I expect I’ll be awake again when the Tsar and the Tsaritsa and their offspring buy the farm. But I’m an old fart and I give myself permission to skim. Seems like a good thing to me. After all, when I really misbehave, I throw (my own, not the library’s) disappointing books to the ground or out the window onto an adjacent roof! Skimming is a small sin in my book What book, you ask? The one on the roof, dummy!

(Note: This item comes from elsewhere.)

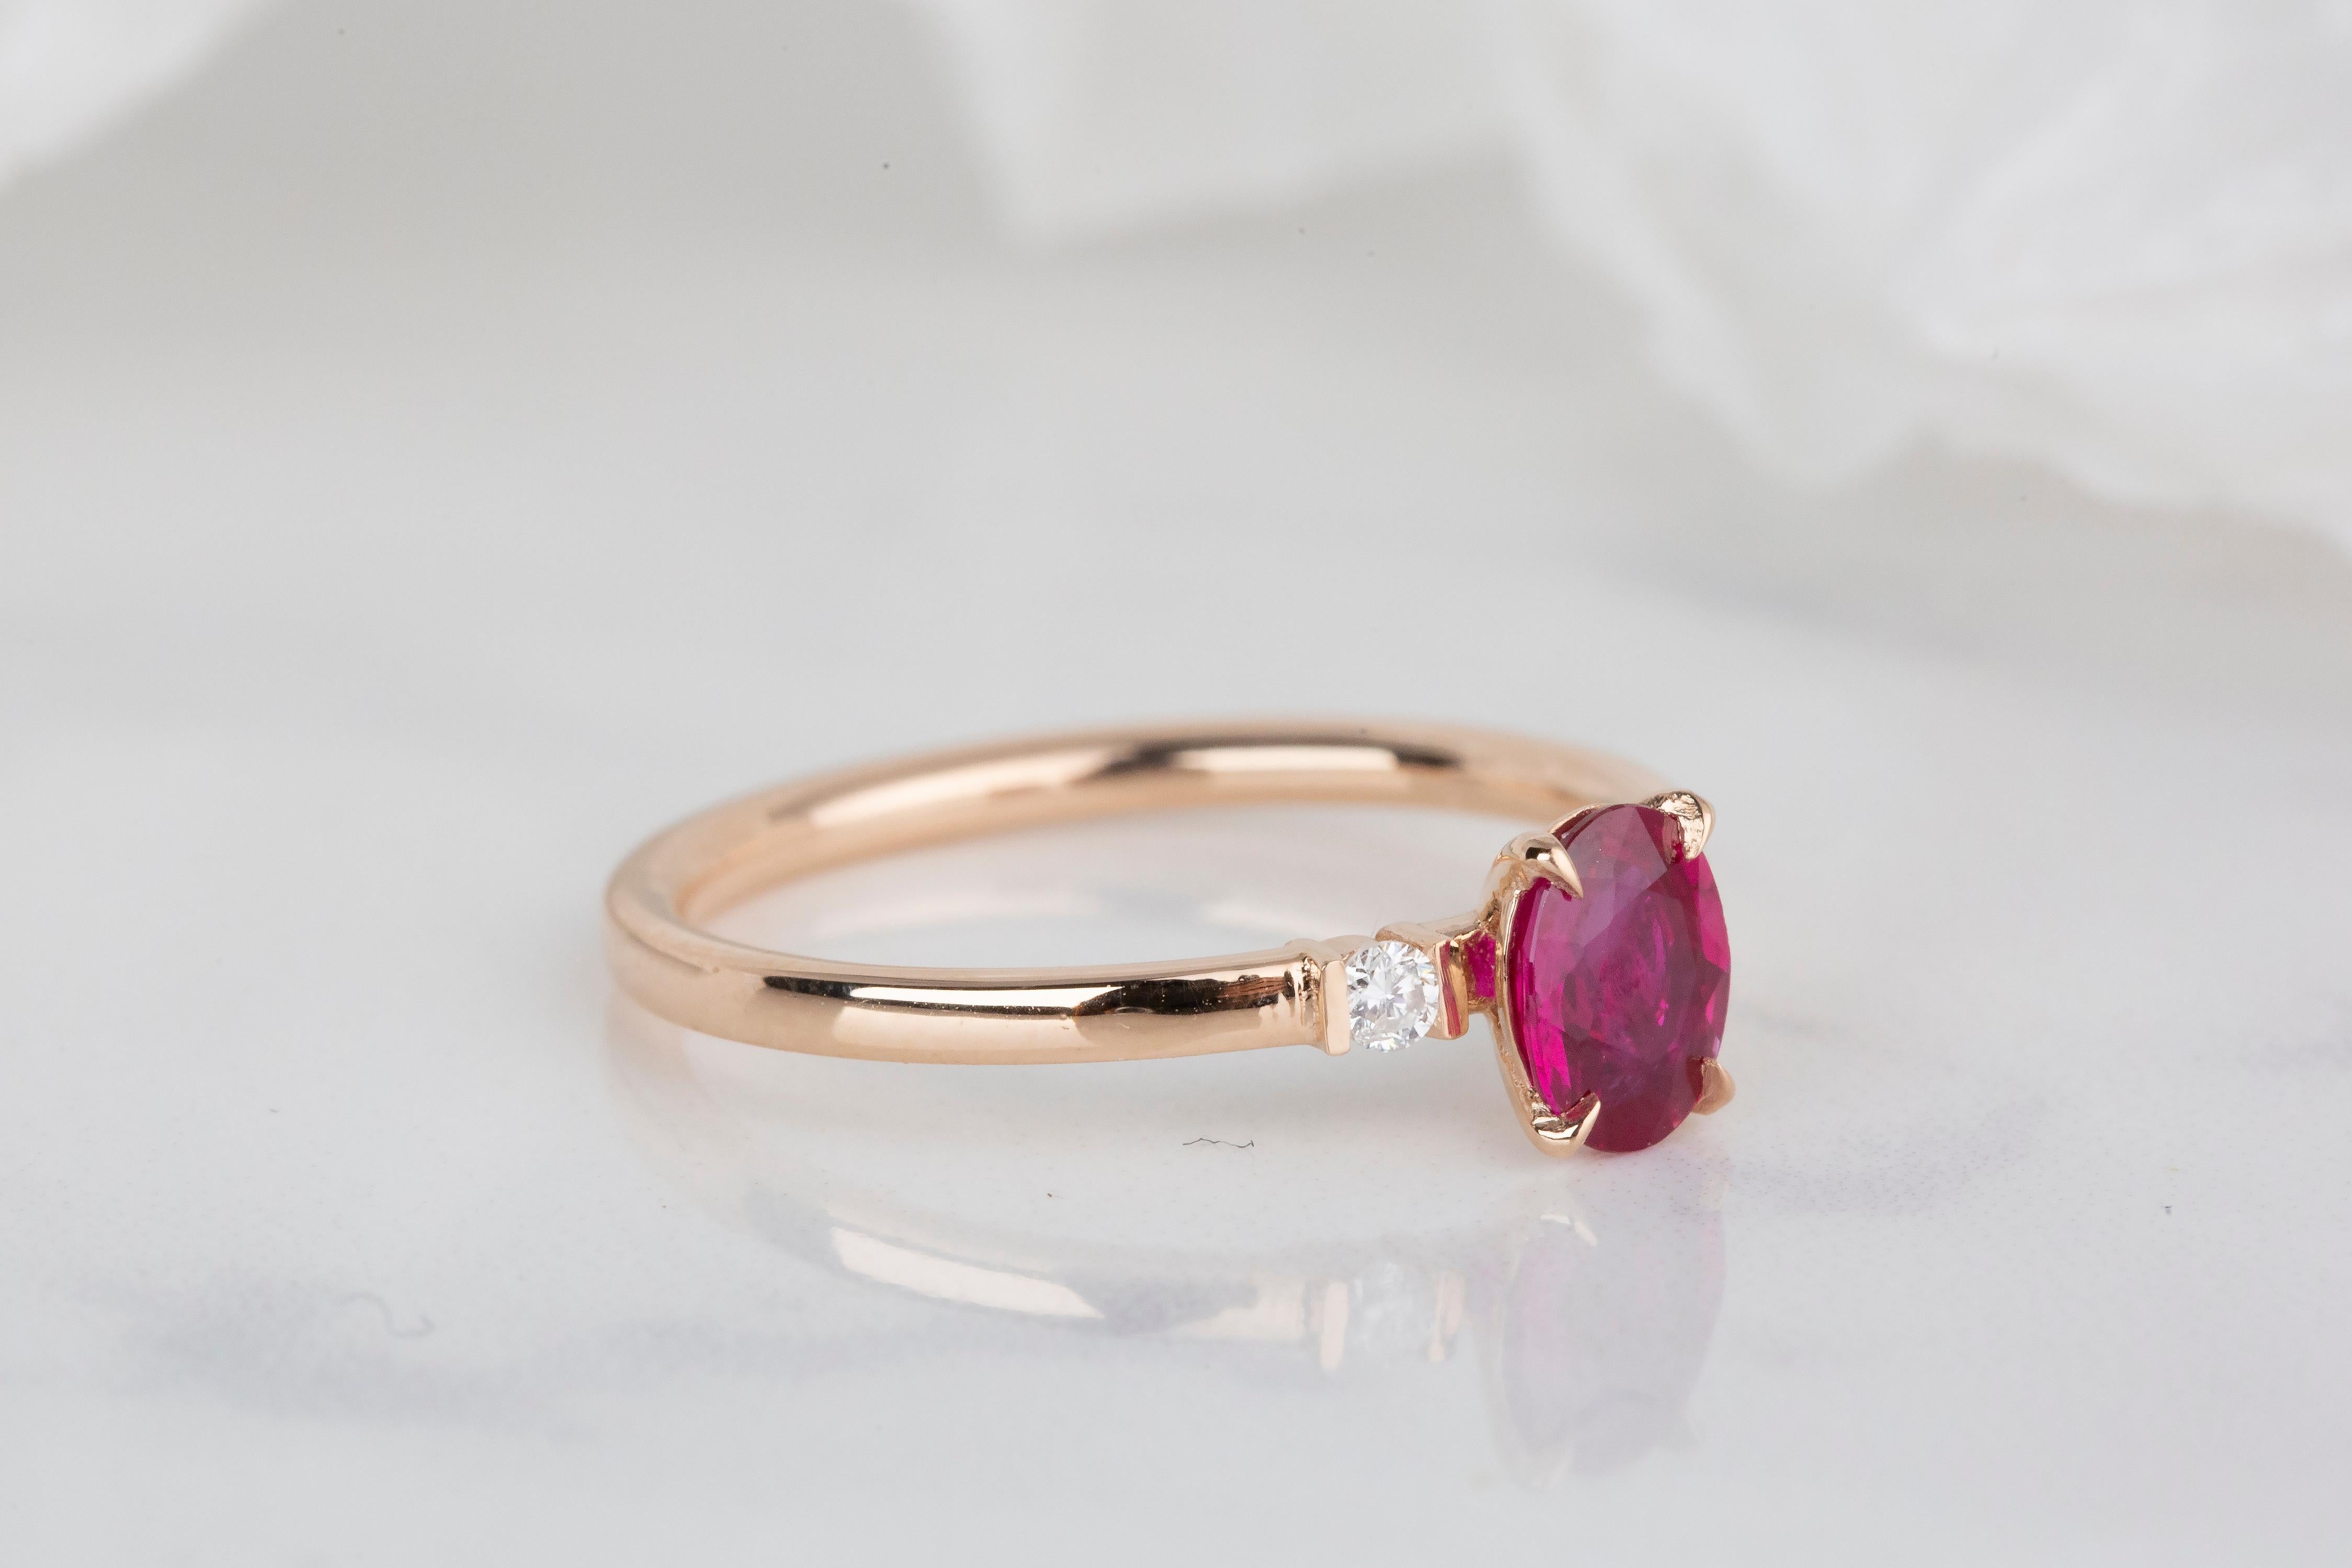 For Sale:  14k Rose Gold 0.80 Ct. Oval Ruby and Diamond Ring 6

Jesus. I’ve been skimming my way to the end of this book for a while now, but it’s taking this guy forever to stop telling this murder tale! Just kill them, I want to yell at him! Since the deaths are a historical fact, he knows you know about it and draws it out forever getting to the details. I guess he knew that bit of drama was one of the only things going for him unless—unlike me—you’re an endless student of Russian and Commie history! My head is jam-packed with the names of Russian historical nobodies who were once important for 15 seconds or so. Well, it’s over; they’ve killed the Tsar and the Tsaritsa just in time for supper, not to mention the hemophiliac son, and all the pretty young daughters in a row, and every relation that could be reached at the time. Dead, dead, dead! But still this book goes on. All this Russian darkness is going on too long; I may not last to the end, but I’m trying.